4 Eylül 2018 Salı

Günler



Baş örtüsü için iğne kullanırlar ya, iğneler ortalıkta oldu mu, kutunun içinde olmadı mı, mesela bazen lavaboya bırakırlar iğne kutusunu aynaya bakarken, o zaman aynaya yaklaşamam, sivri şeyler, iğneler korkunç geliyor bana. Ama aşı iğnelerinden ürkmem.

Bir dolu dizi izleyince not almak lazım, hangi dizi bu hafta Türkçeye çevrildi diye. Ekrana not kağıdı açmak lazım.

Rüyamda İstanbul’da sokaklarda dolaşmıştım, metal madde patlıyordu, zehirli gaz yayılıyordu, İstanbul’da sonradan oldu bu olay gerçekten de, fabrikadan zehirli gaz yayılmış, insanlar evlerinden çıkamamış, zehirlenmemek için. Rüyamda ben de evden çıkmayın diyordum. Şaşırdım haberi görünce, ne kadar da benziyor diye.

İnsan beyni ve hafızası değişik. Bazen şey olur ya hani fotoğraflara bakarız ve anlatılanlar olur fotoğraflarla ilgili sonra onları biz yaşadık sanırız. Annemizin düğününü hatırlamak gibi. Ben küçükken annemin babamla düğününde olduğumu sanırdım öyle hatırlardım, fotoğraflara baka baka.

Aquapark canım çekiyor herhalde. Rüyamda aquaparkta bir köpeği kurtardım, boğuluyordu az daha. Başkalarını da kurtardım, aquaparka yağmur yağdı, havuzlar taştı, yüzme bilmeyenler vardı.

Bir kitap varmış. Hayatı Anlama Kılavuzu galiba adı. Paketli, almadan önce içini açamıyorsunmuş. İlk sayfasında kılavuz sensin yazıyormuş. Geriye kalan bütün sayfalar boşmuş. Bir de pahalıymış. Alanlar hayal kırıklığına uğramış olmalı. Ben de acaba insanları anlama sanatı diye böyle bir kitap mı çıkarsam.

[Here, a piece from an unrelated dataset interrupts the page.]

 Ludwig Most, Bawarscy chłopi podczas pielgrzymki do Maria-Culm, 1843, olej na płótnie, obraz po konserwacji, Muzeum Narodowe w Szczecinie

Laptopu kapatmaya üşeniyorum. Açık kalıyor gece ama sıcakta şarj uyarı veriyor, yakında bozulabilir diyor. Belki sıcak değil de nemdendir.

New York’u çevirirken New York diye bırakıyorlar, Niyork demiyorlar ama Pamukkale’yi çevirirken Cotton Castle diyorlar, tuhaf. Yani şimdi Eskişehir’i old city diye mi çevireceğiz, her şehirde bir old city, yani eski şehir var.

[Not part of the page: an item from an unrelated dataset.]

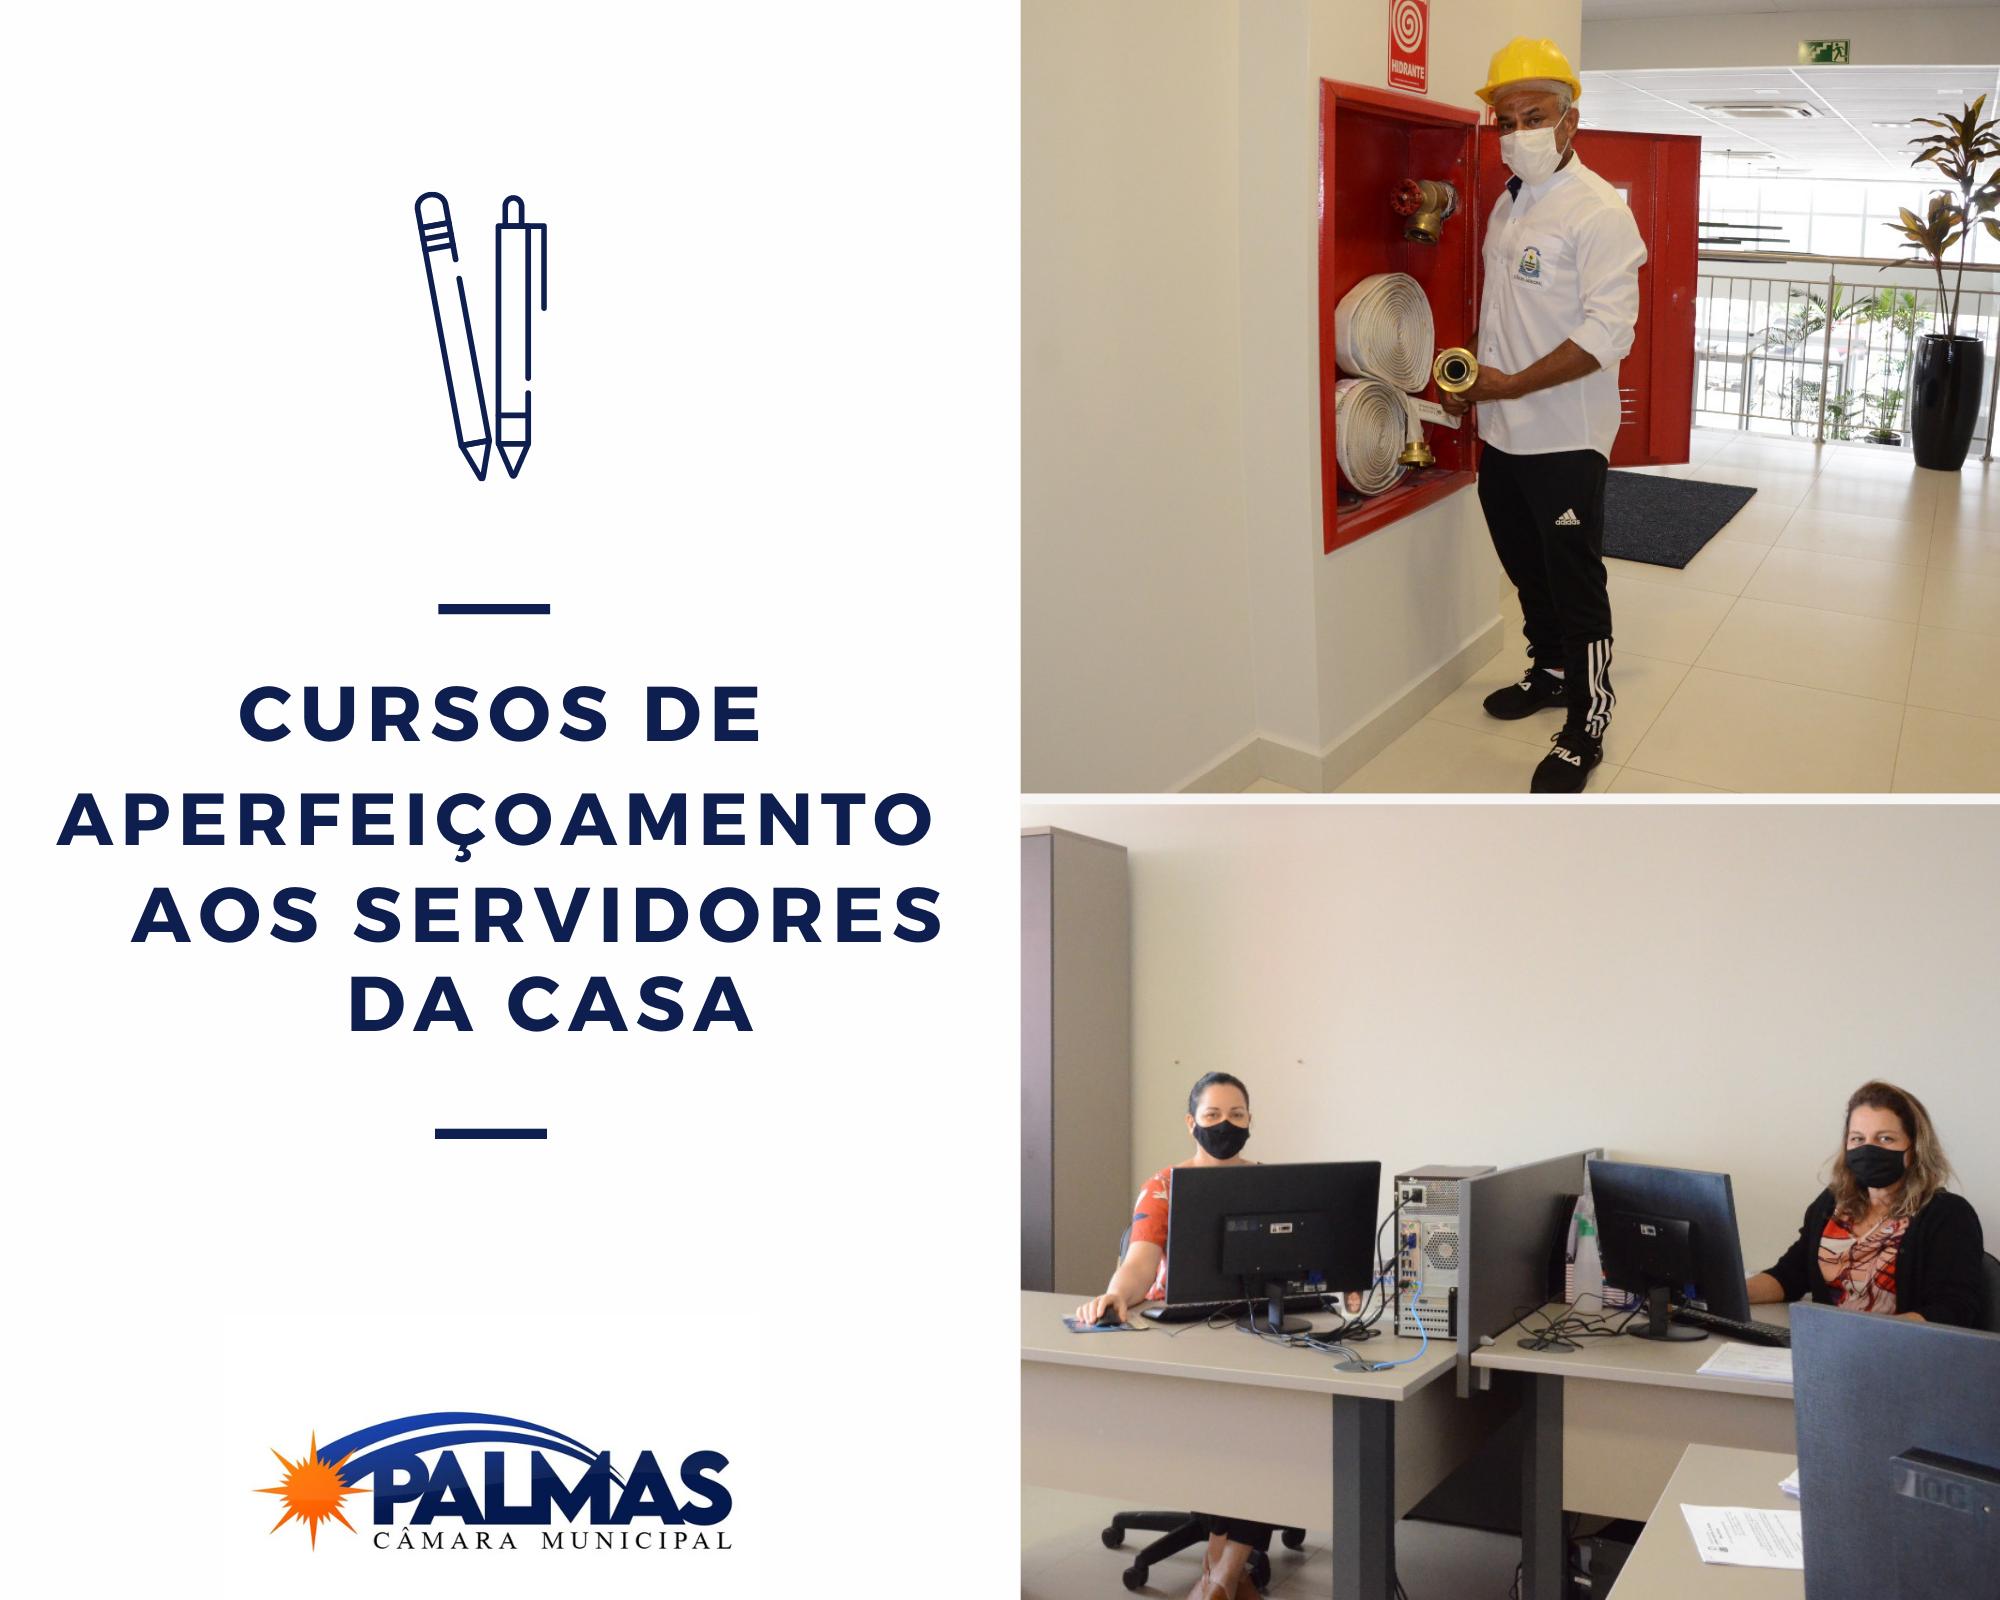 Câmara de Palmas oferta cursos de aperfeiçoamento aos servidores da Casa

Rüyamda asansör durdu, çıkamadım. Sonra, kahve içerken kafede, denize sıfır kafe, birden iki metrelik dalgalar geldi üstüme, insanlar yüzmeye başladı. Ben de kahvemle suyun üstüne durdum. Dalgaların içleri görülüyordu, yeşil mavi. Bir de uzaylı vardı dalgaların arasında. Yosun gibiydi, el kadar boyu vardı. Su uzaylısıymış o. Yosun yeşili ama dikkatle bakarsan gözlerini görebiliyorsun. Dünyaya istilaya gelenlerin öncüsüymüş filan. Sonra sular çekildi, uzaylı geldi masama oturdu, kahve içtik. Ya dedim ya şimdi beni zehirlerse.  Yeni kahveyi önce ona içirdim.